We generate the data using the make_classification function from scikit-learn:

import shfl
from shfl.data_base.data_base import WrapLabeledDatabase
from sklearn.datasets import make_classification
import numpy as np
from shfl.auxiliar_functions_for_notebooks.functionsFL import *
from shfl.private.reproducibility import Reproducibility

# Comment to turn off reproducibility:
Reproducibility(1234)

# Create database:
n_features = 2
n_classes = 3
n_samples = 10000
data, labels = make_classification(
    n_samples=n_samples, n_features=n_features, n_informative=2, 
    n_redundant=0, n_repeated=0, n_classes=n_classes, 
    n_clusters_per_class=1, weights=None, flip_y=0.1, class_sep=0.4, random_state=1234)
database = WrapLabeledDatabase(data, labels)

train_data, train_labels, test_data, test_labels = database.load_data()

print("Shape of training and test data: " + str(train_data.shape) + str(test_data.shape))
print("Shape of training and test labels: " + str(train_labels.shape) + str(test_labels.shape))
print(train_data[0,:])
2022-03-24 18:06:42.790233: W tensorflow/stream_executor/platform/default/dso_loader.cc:64] Could not load dynamic library 'libcudart.so.11.0'; dlerror: libcudart.so.11.0: cannot open shared object file: No such file or directory
2022-03-24 18:06:42.790251: I tensorflow/stream_executor/cuda/cudart_stub.cc:29] Ignore above cudart dlerror if you do not have a GPU set up on your machine.
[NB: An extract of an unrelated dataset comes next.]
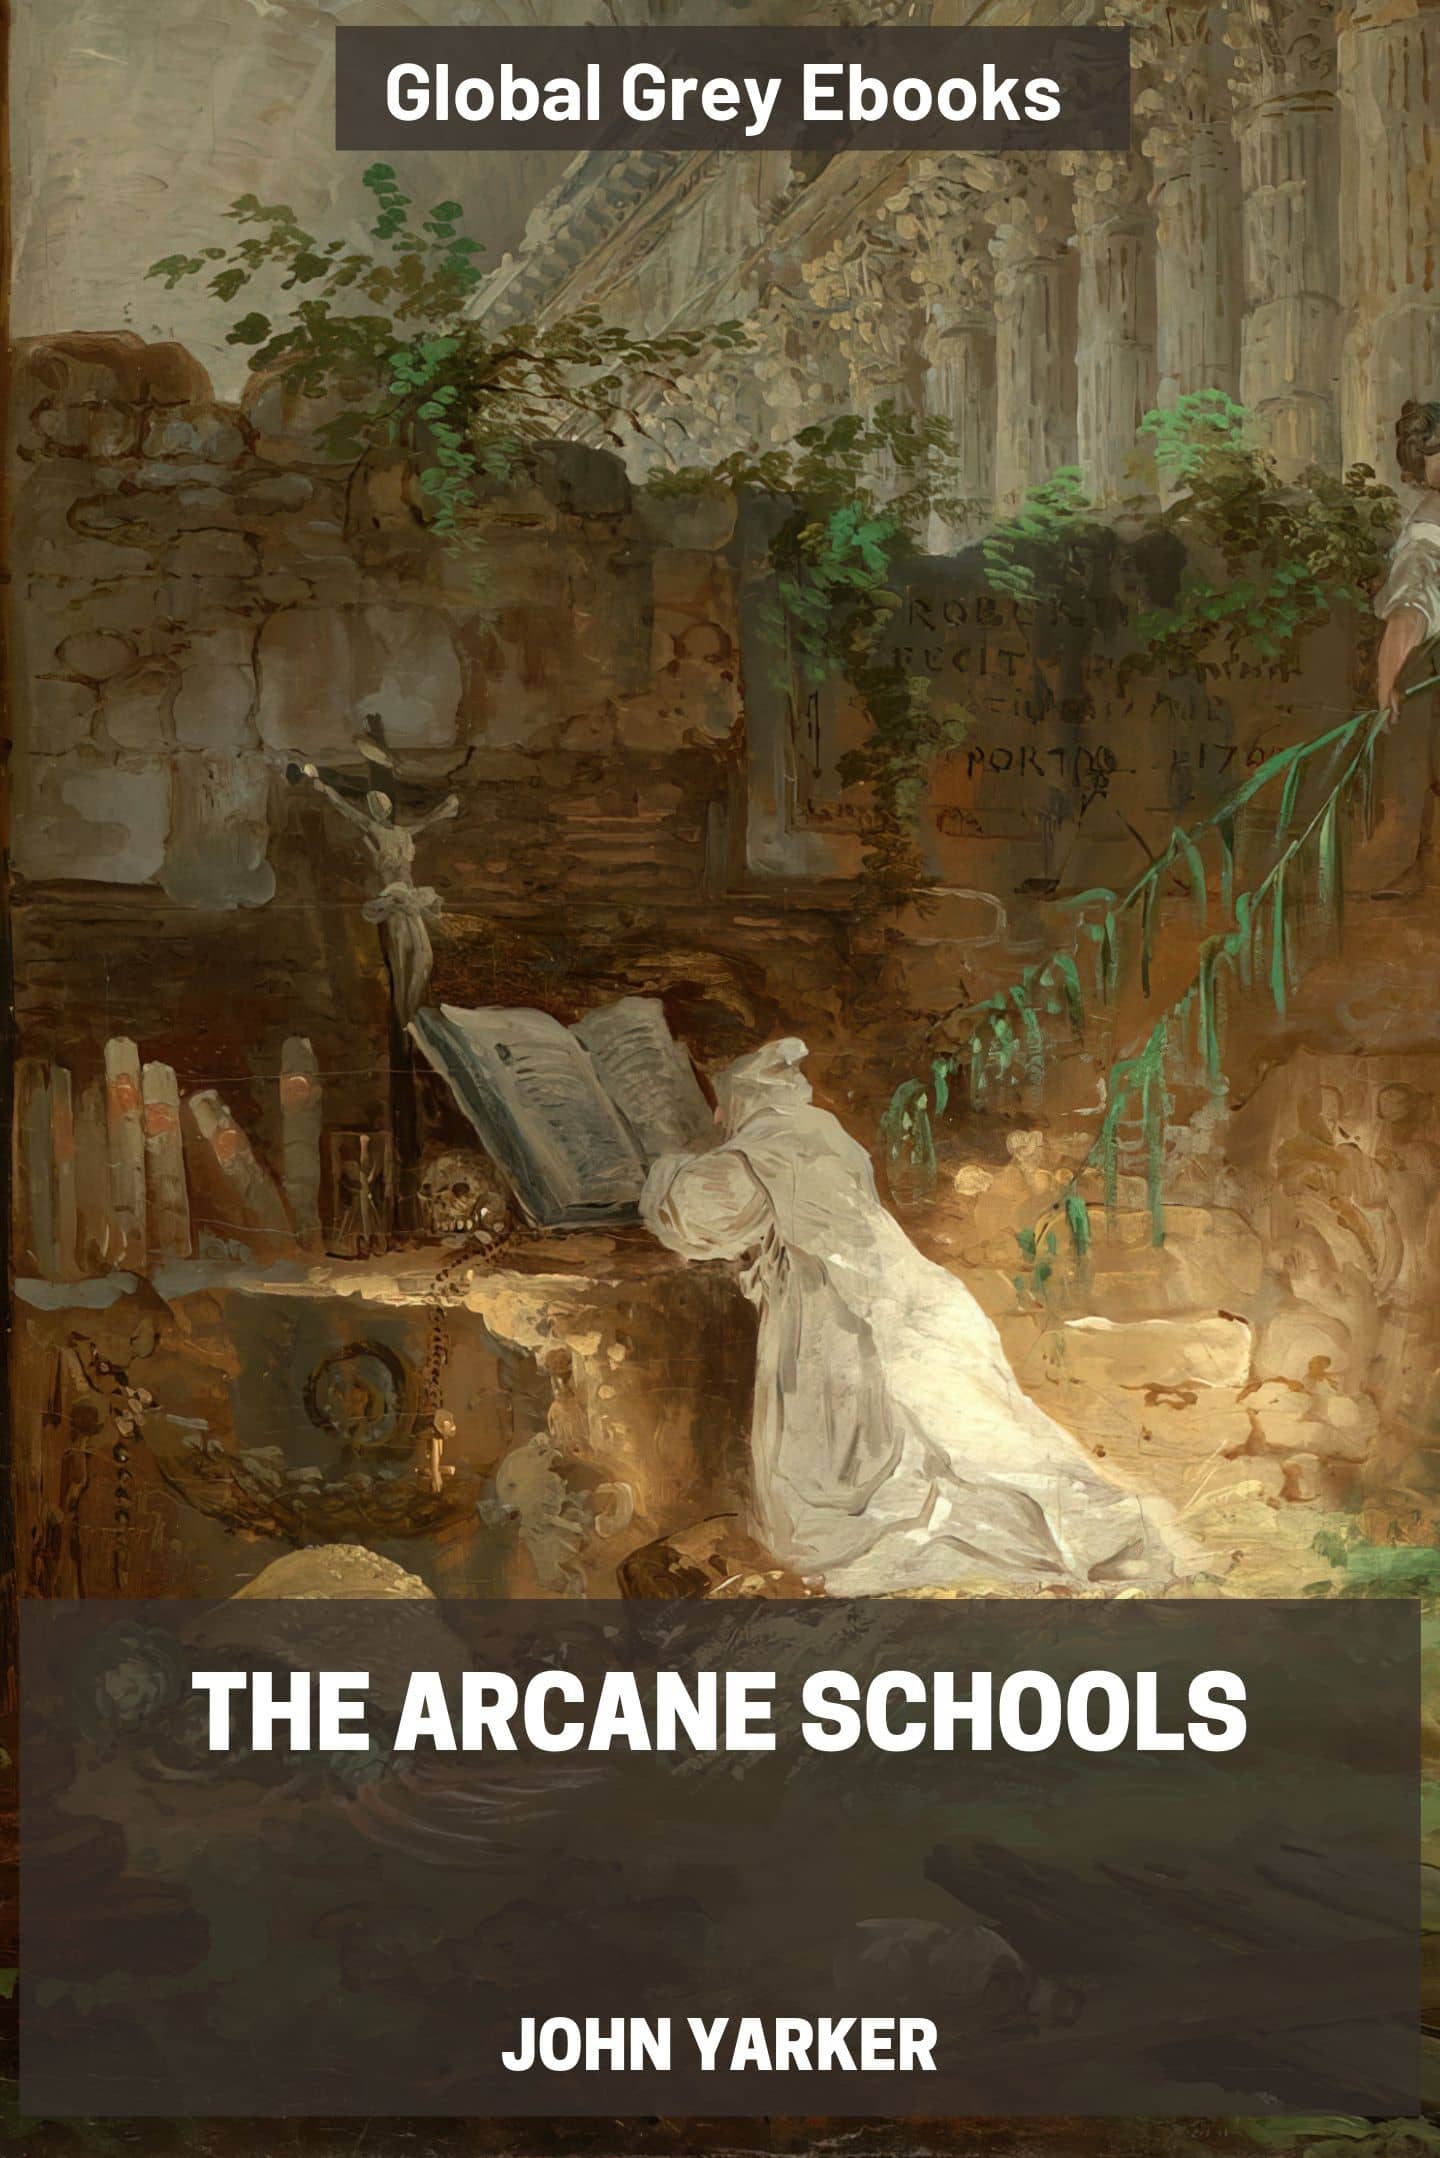 The Arcane Schools by John Yarker - Complete text online image
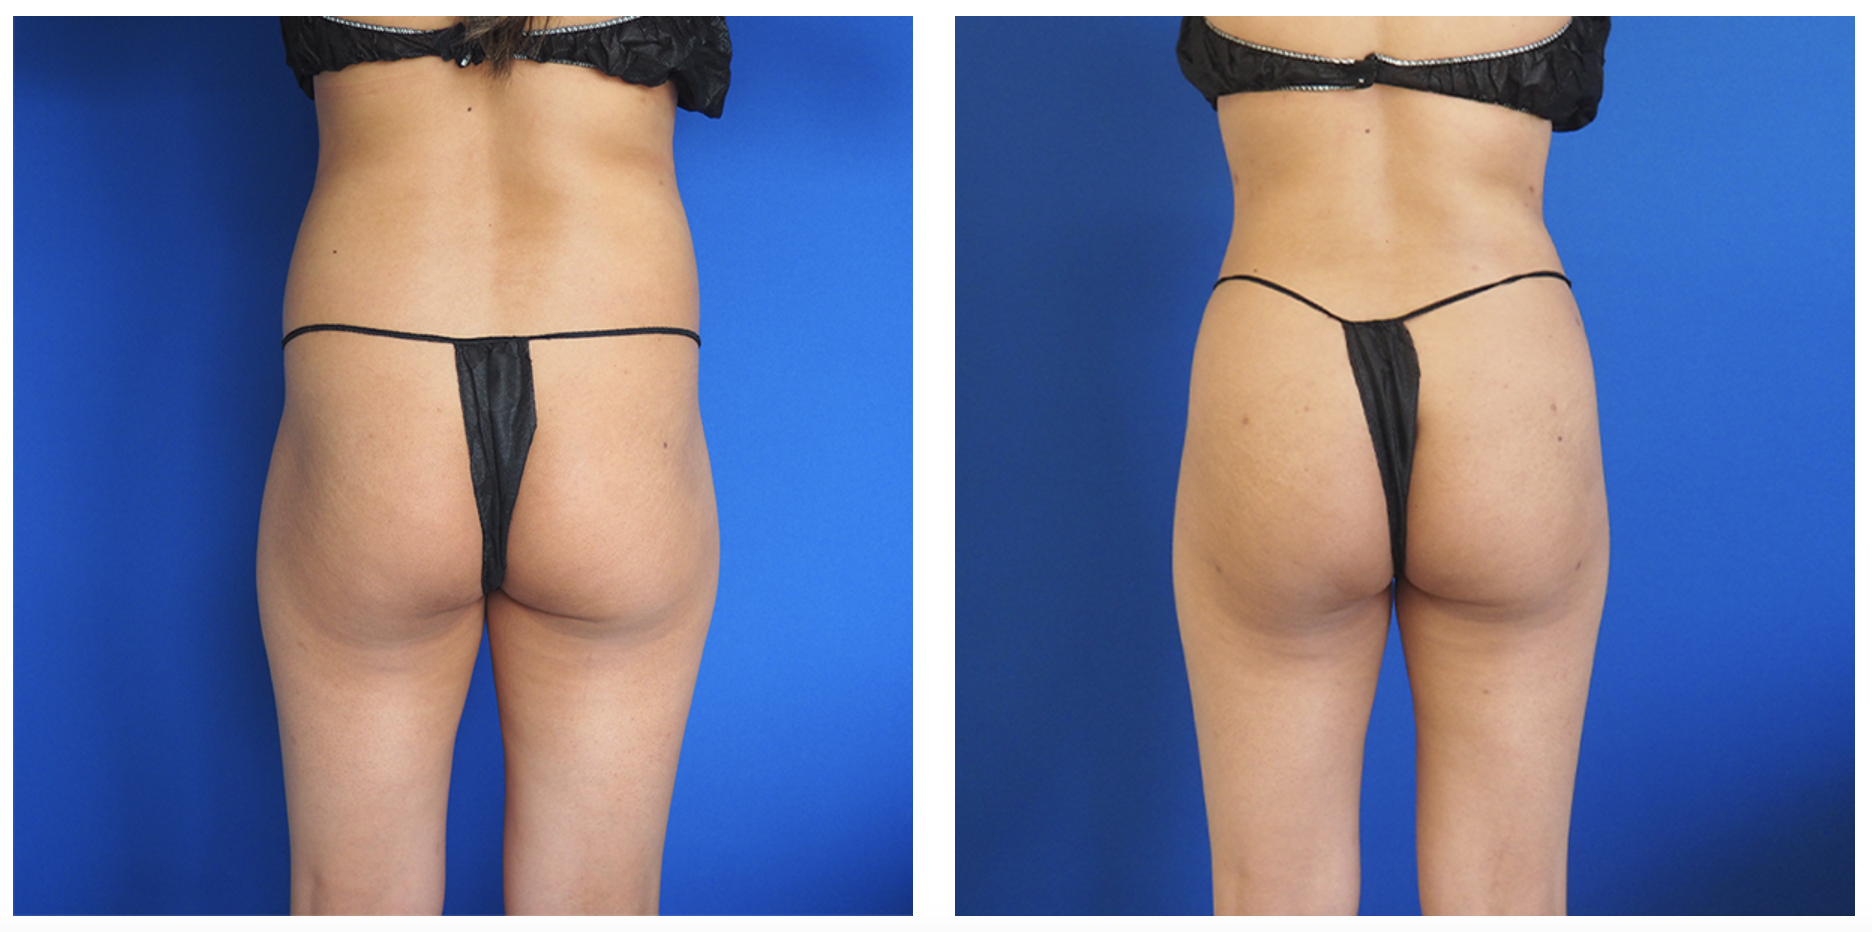 This patient had liposuction of the abdomen, flanks, and back in addition to hip re-shaping with natural fat transfer.

Shape of training and test data: (8000, 2)(2000, 2)
Shape of training and test labels: (8000,)(2000,)
[-0.44710436  0.43652886]

As previously mentioned, in this two-feature case, it is beneficial to visualize the results. For that purpose, we will use the following function:

import matplotlib.pyplot as plt

def plot_2D_decision_boundary(model, data, labels, title=None):
    # Step size of the mesh. The smaller it is, better the quality
    h = .02 
    # Color map
    cmap = plt.cm.Set1
    
    # Plot the decision boundary. For that, we will assign a color to each
    x_min, x_max = data[:, 0].min() - 1, data[:, 0].max() + 1
    y_min, y_max = data[:, 1].min() - 1, data[:, 1].max() + 1
    xx, yy = np.meshgrid(np.arange(x_min, x_max, h), np.arange(y_min, y_max, h))
    
    # Obtain labels for each point in mesh. Use last trained model.
    Z = model.predict(np.c_[xx.ravel(), yy.ravel()])
    
    # Put the result into a color plot
    Z = Z.reshape(xx.shape)
    fig, ax = plt.subplots(figsize=(9,6))
    plt.clf()
    plt.imshow(Z, interpolation='nearest',
               extent=(xx.min(), xx.max(), yy.min(), yy.max()),
               cmap=cmap,
               alpha=0.6,
               aspect='auto', origin='lower')
    # Plot data:
    plt.scatter(data[:, 0], data[:, 1], c=labels, cmap=cmap, s=40, marker='o')
    
    plt.title(title, fontsize=18)
    plt.xlim(x_min, x_max)
    plt.ylim(y_min, y_max)
    plt.xlabel('Feature 1', fontsize=18)
    plt.ylabel('Feature 2', fontsize=18)
    plt.tick_params(labelsize=15)

2) The model

The Sherpa.ai Federated Learning and Differential Privacy Framework offers support for the Logistic Regression model from scikit-learn. The user must specify, in advance, the number of features and the target classes: the assumption for this Federated Logistic Regression example is that each client's data possesses at least one sample of each class. Otherwise, each node might train a different classification problem, and it would be problematic to _aggregate the global model. Setting a model's state parameter to warm_start:True tells the clients to restart the training from the Federated round update. To assess the performance, we compute the Balanced Accuracy and the Kohen Kappa scores (see metrics):

from sklearn.linear_model import LogisticRegression
from shfl.model.linear_classifier_model import LinearClassifierModel

# Define the model:
classes = np.unique(train_labels)
def model_builder():
    sk_model = LogisticRegression(warm_start=True, solver='lbfgs', multi_class='auto')
    model = LinearClassifierModel(n_features=n_features, classes=classes, model=sk_model)
    return model

We can train the model on centralized data (i.e. non-federated), which will be our reference model:

# Train model on centralized data for comparison:
model_centralized = LinearClassifierModel(n_features=n_features, classes=classes)
model_centralized.train(train_data, train_labels)
print('Centralized test performance: ' + str(model_centralized.evaluate(test_data, test_labels)))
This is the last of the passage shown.